Duplicates flagged Duplicates removed Gaps preserved Gaps eliminated 1 MENRWSVMIVWQ-VDR 1-1-1 1 MENRWSVMIVWQVDR 1-1-1 2 MENRWSVMIVWQQVDR 1-2-1 2 MENRWSVMIVWQQVDR 1-2-1 3 MENRWSVMIVWQRVDR 1-3-1 3 MENRWSVMIVWQRVDR 1-3-1 4 MENRWSVMIVWQ-VDR 1-1-2! 1 SVMIVWQQVDRMRIR 2-1-1 1 SVMIVWQQVDRMRIR 2-1-1 2 SVMIVWQDRMRIR 2-2-1 2 SVMIVWQ-VDRMRIR 2-2-1 4 SVMIVWQVDRMRGR 2-3-1 3 SVMIVWQ-VDRMRIR 2-2-2! 4 SVMIVWQ-VDRMRGR 2-3-1
Each peptide is assigned a peptide ID, written to the right of the peptide, which consists of three numbers separated by dashes. In an alignment the first number is the peptide block number, the second number is the peptide "type", the third number is the occurrence order in the block, and the "!" is a handy visual tag for duplicate. The combination of the three numbers uniquely identifies each peptide in the entire set generated. Here is a simple alignment of "3-mers" to help you understand the ID number.
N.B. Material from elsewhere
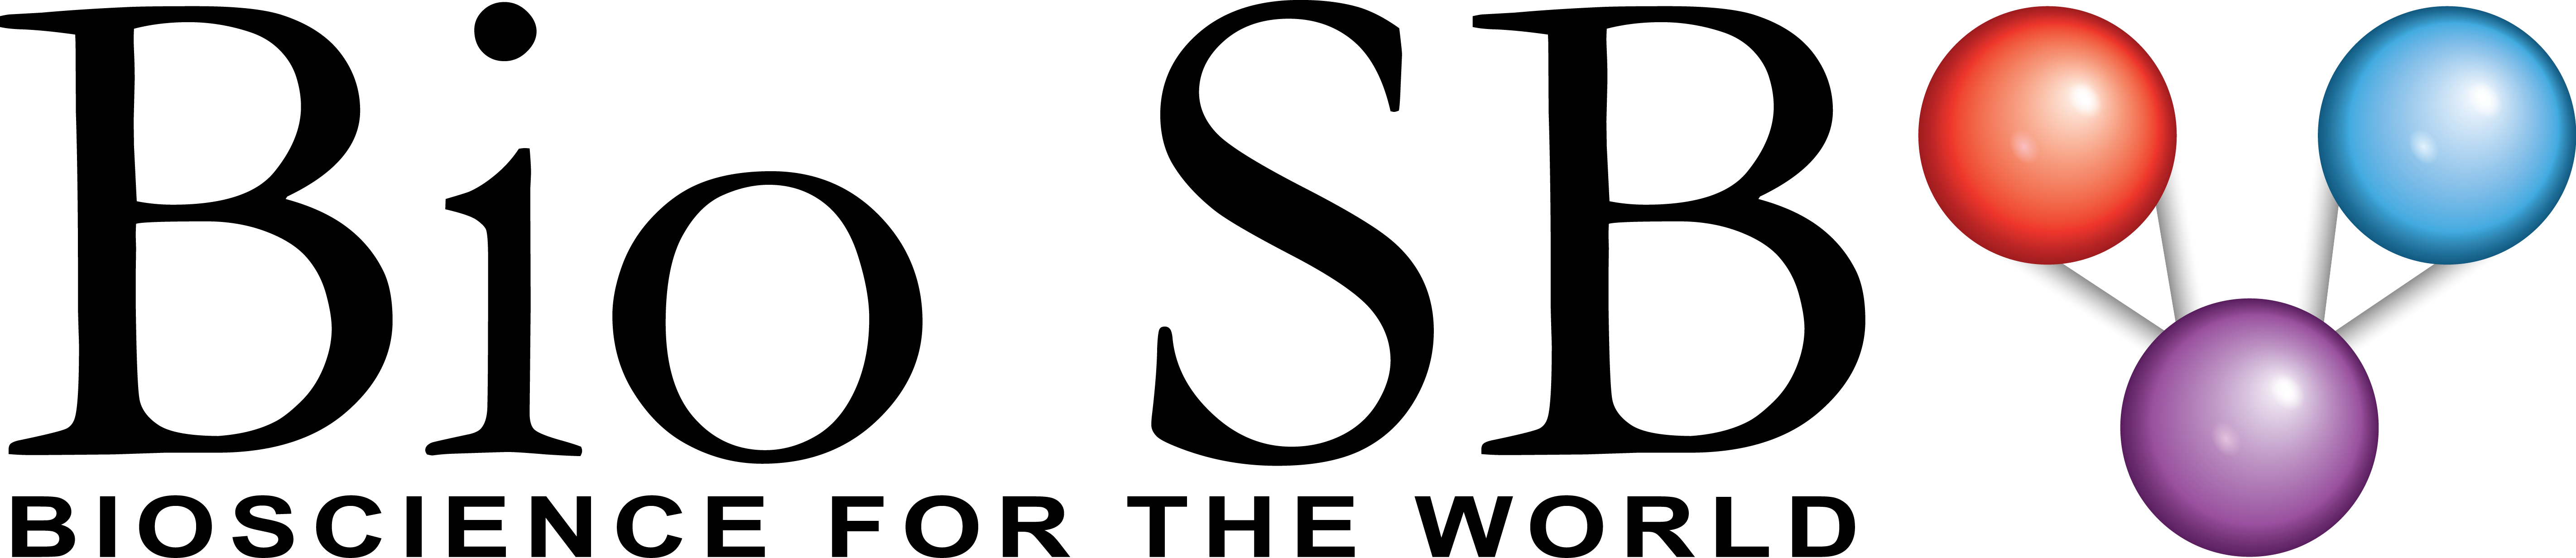 Mission City Fumigation logo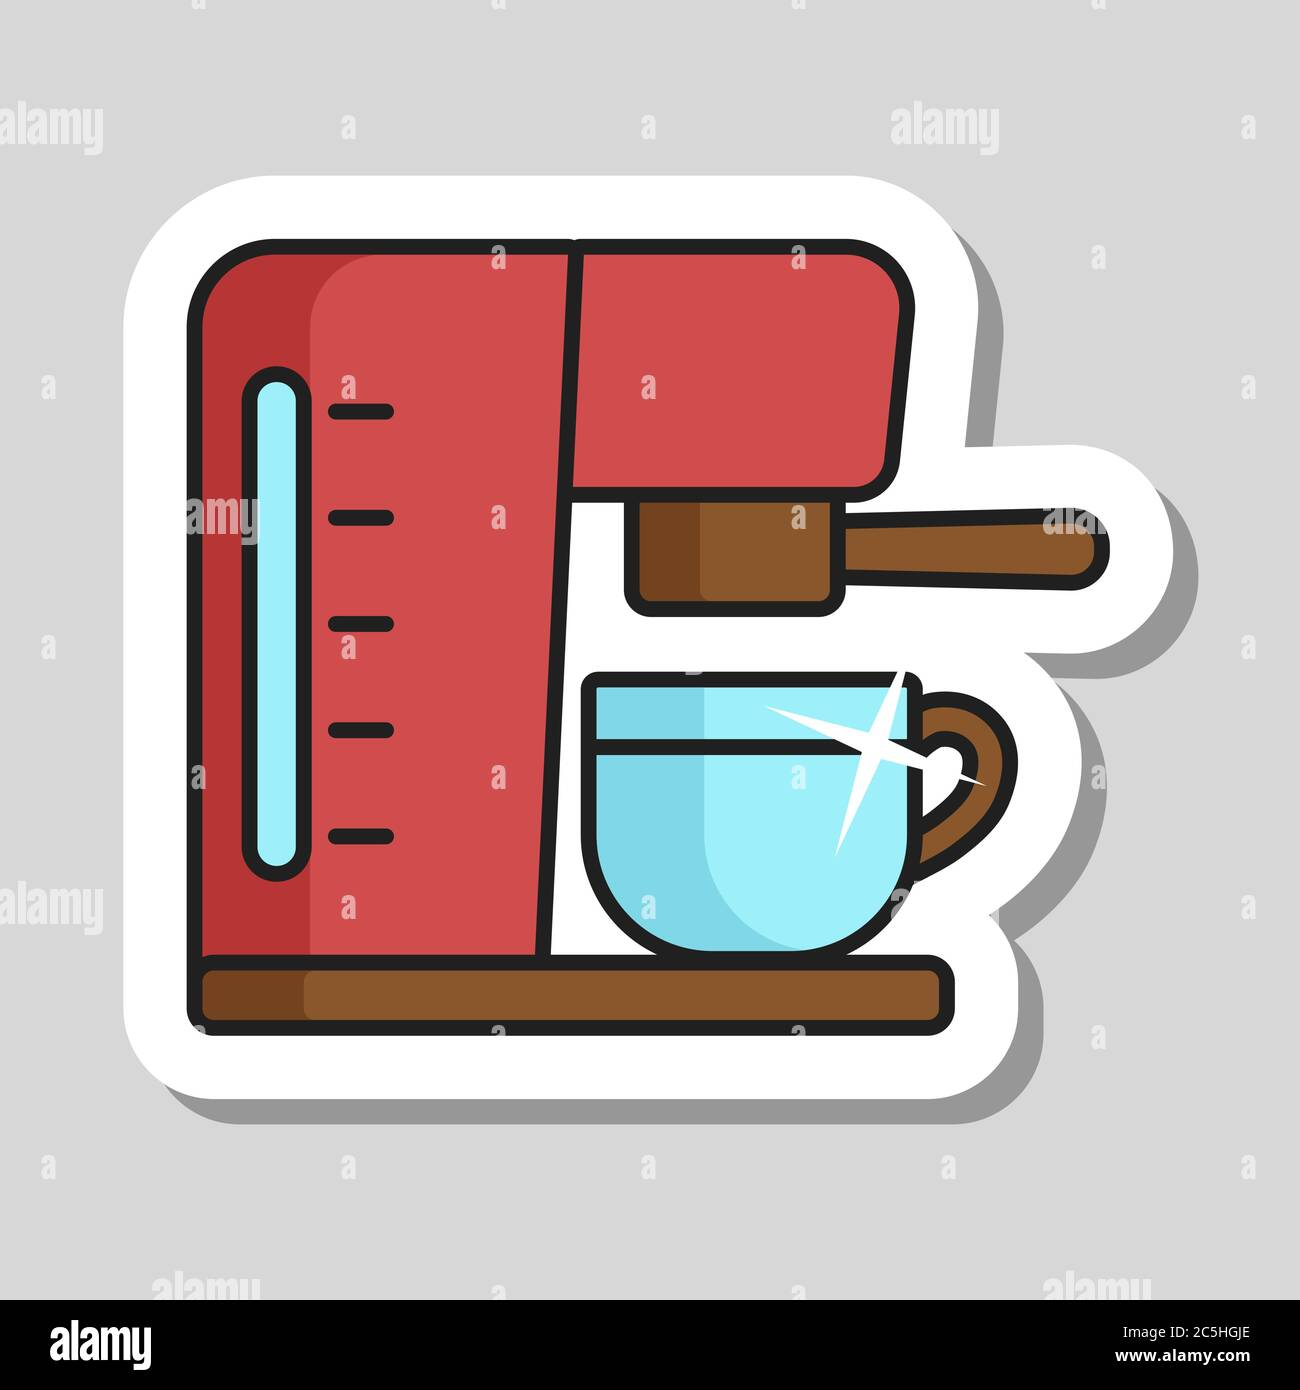 Cafetera con icono de vector de taza para casa, restaurante

1 ABC 1-1-1 2 XYZ 1-2-1 2 means this is the 2nd peptide type in the block 3 ABC 1-1-2 ! 2 means this is the 2nd occurrence of peptide type 1 in the block 4 XYZ 1-2-2 ! 5 CCC 1-3-1 3 means this is the 3rd peptide type in the block 6 ABC 1-1-3 ! 7 XYZ 1-2-3 !
If the submission is a single protein sequence, not an alignment, the peptides are simply numbered serially.
"New" simple format. An alignment is submitted. The results look like:
1 NAKSIIVQLNETVEI 1_1&4.2 2 NAKGIIVQLSETVEI 1_2.1 3 NAKVIIVQLNESVEI 1_3&13&15.3 4 NAKIIIVQLNESVEI 1_5&6&8&9&10&11&12&14&18&20.10 5 NESVEI 1_7&16&17&19.4 ? 6 IIVQLNETVEIDCTR 2_1.1 7 IIVQLSETVEIDCTR 2_2.1 8 IIVQLNESVEINCTR 2_3&5&6&8&9&10&11&12&13&14&15&18&20.13 9 IIVQLNETVEINCTR 2_4.1 10 NESVEINCTR 2_7&16&17&19.4 ? 11 LNETVEIDCTRPNNNTR 3_1.1
In the first peptide
1 NAKSIIVQLNETVEI 1_1&4.2
"1" is a serial number that means it is the first unique peptide sequence,
is its sequence
means that it is in the first block of overlapping peptides.
means that this exact 15 mer was found in sequences 1 & 4 of your alignment. A key that relates sequence name to alignment position is printed at the top of your output.
means that two sequences matched this epitope (sequences 1 and 4).